'''
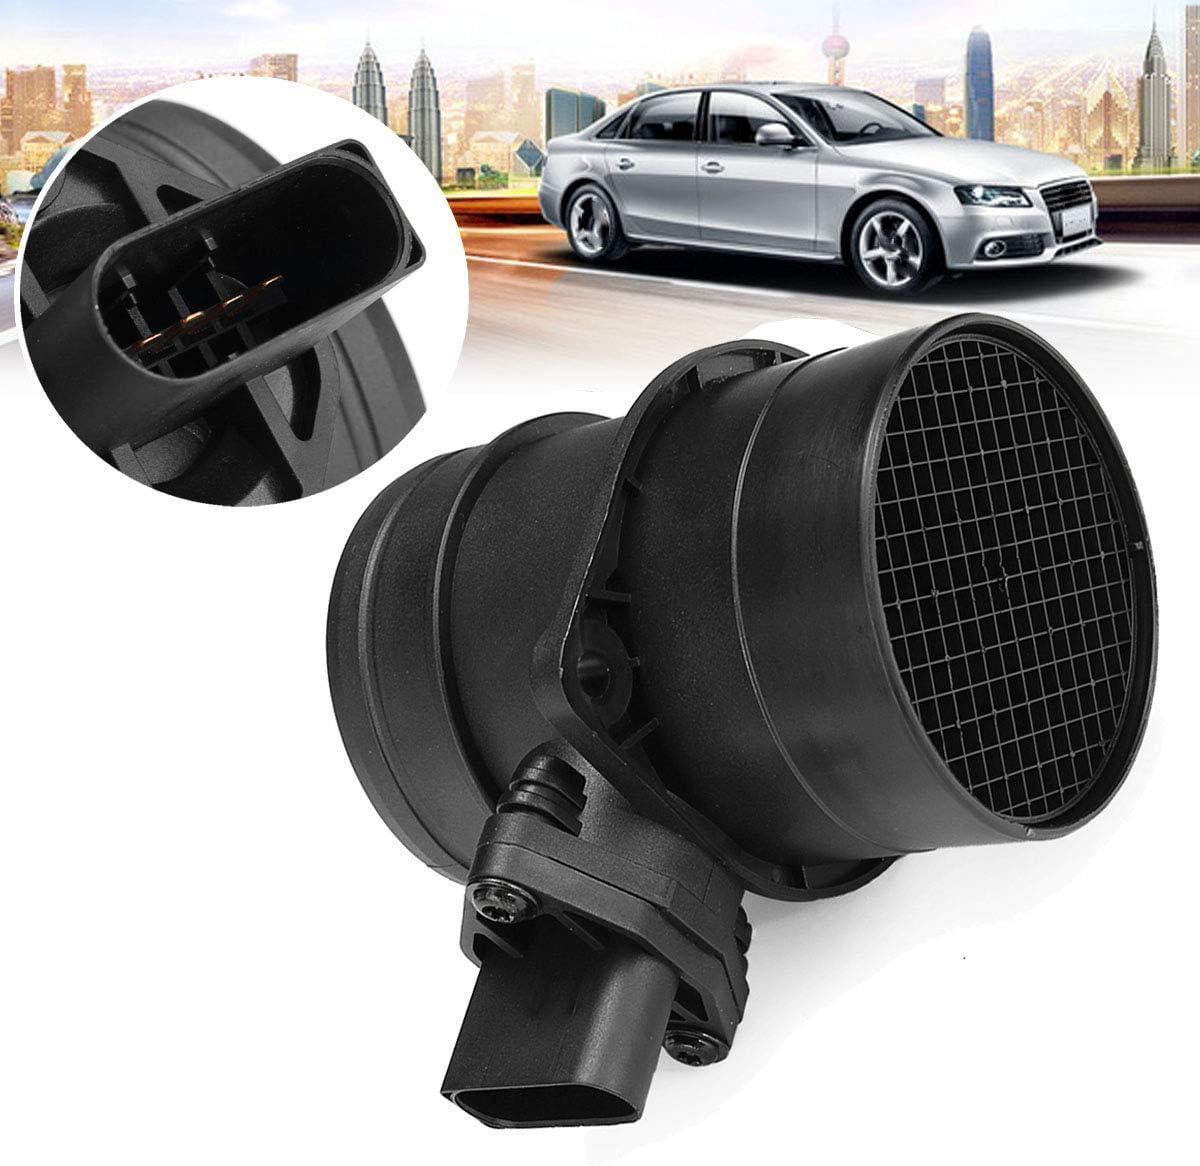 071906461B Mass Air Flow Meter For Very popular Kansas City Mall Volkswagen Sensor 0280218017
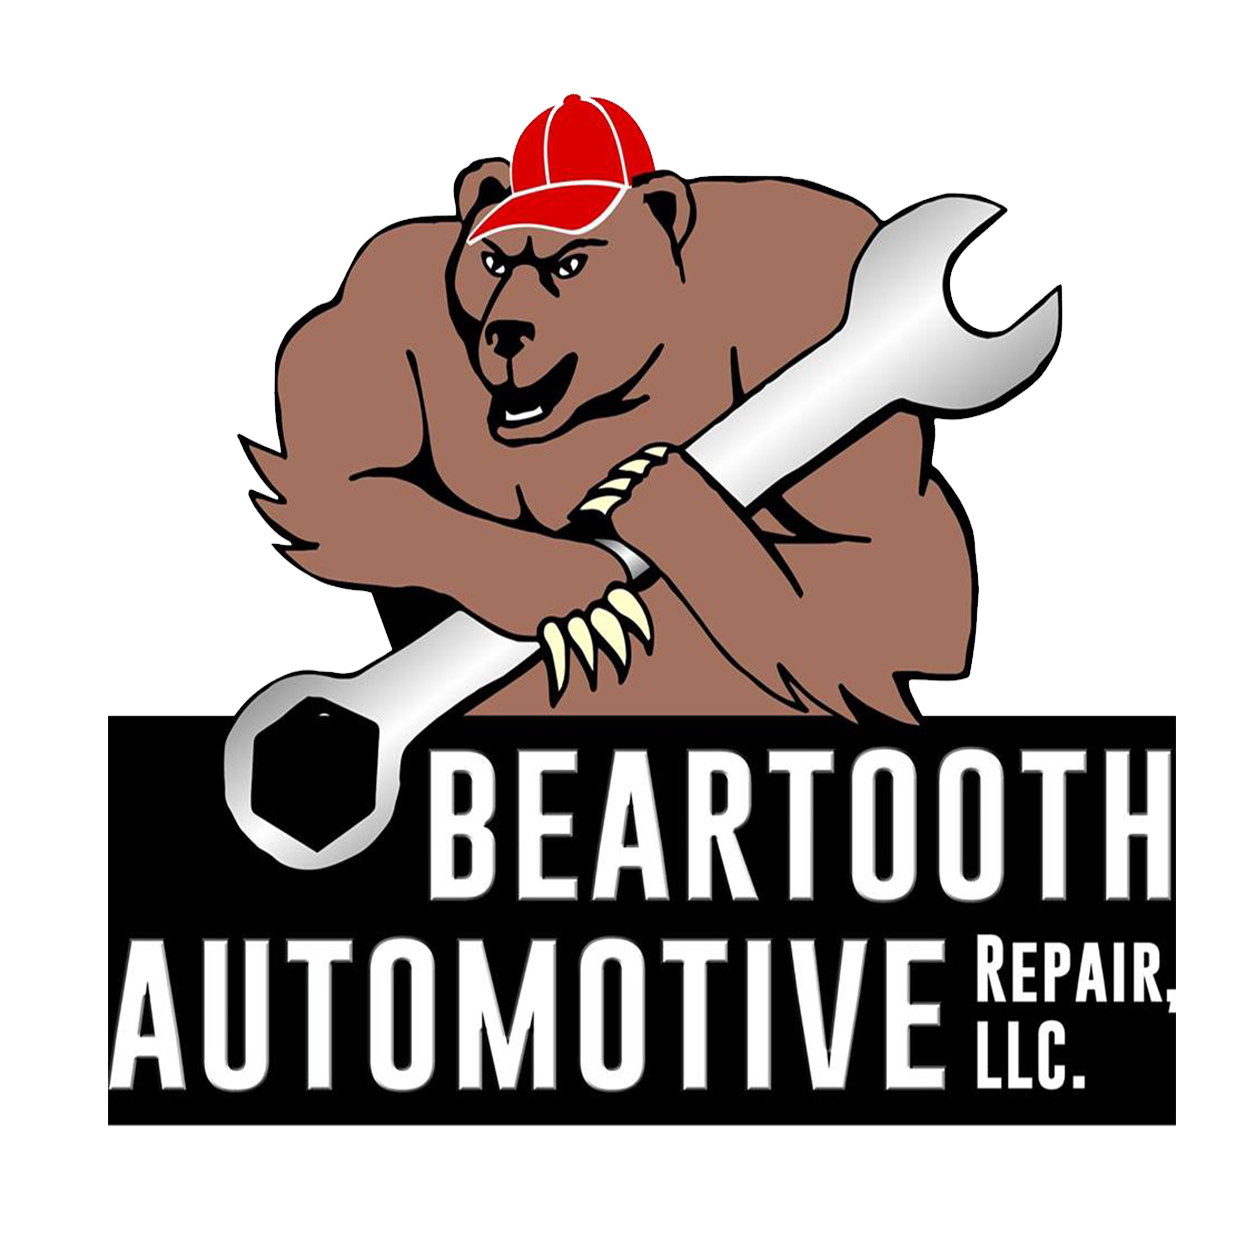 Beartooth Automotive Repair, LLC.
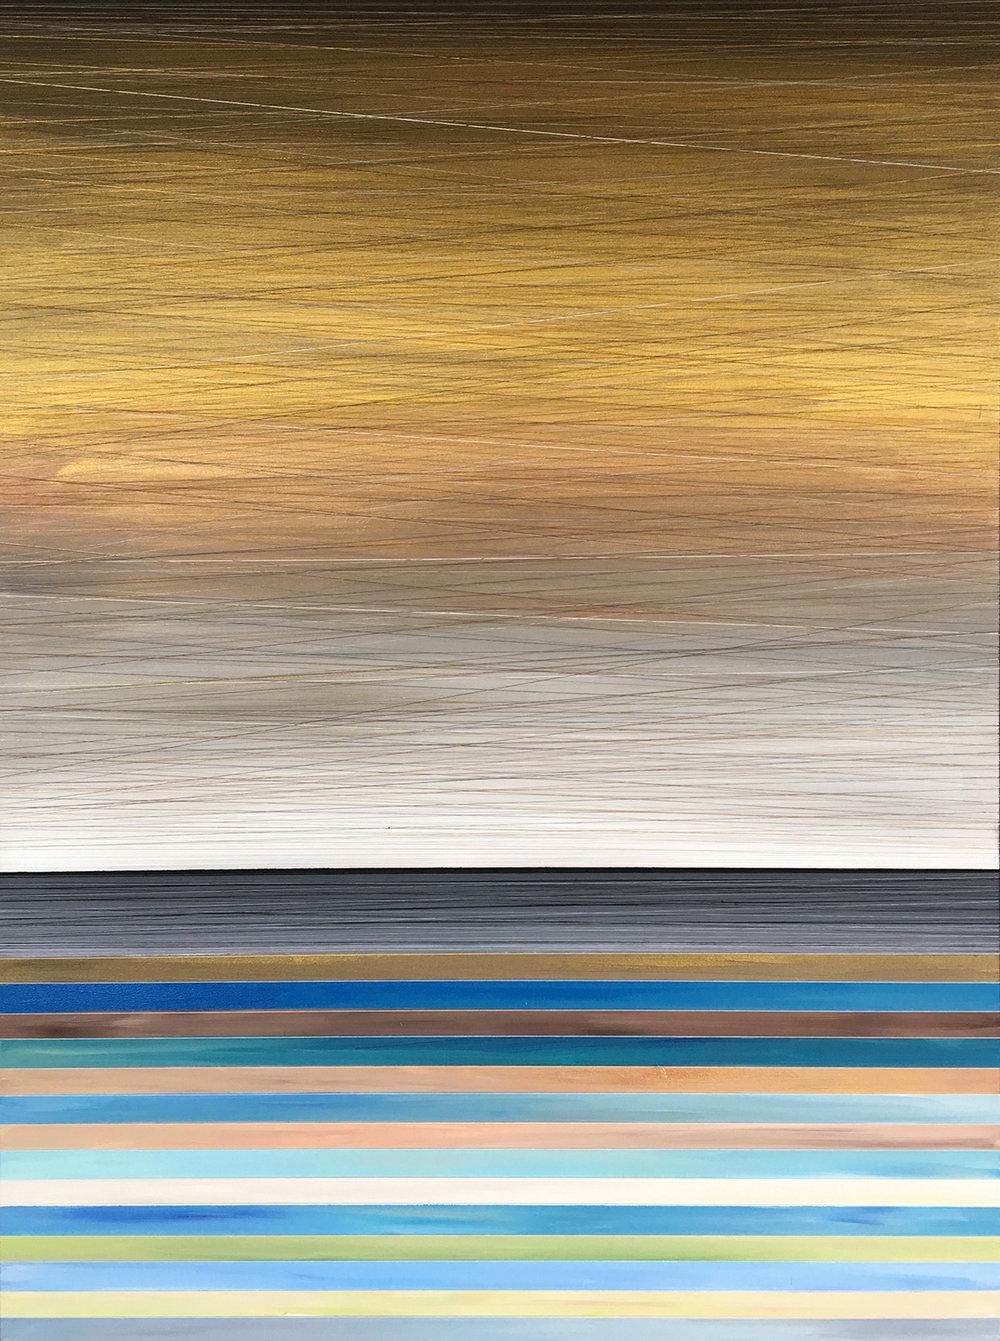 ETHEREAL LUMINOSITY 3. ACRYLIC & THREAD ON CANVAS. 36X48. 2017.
'''
▶ _What you should do_
Every line above should be repeated exactly; pictures stay out of the copy.

▶ _Answer to this exercise_
 071906461B Mass Air Flow Meter For Very popular Kansas City Mall Volkswagen Sensor 0280218017
 Beartooth Automotive Repair, LLC.
 ETHEREAL LUMINOSITY 3. ACRYLIC & THREAD ON CANVAS. 36X48. 2017.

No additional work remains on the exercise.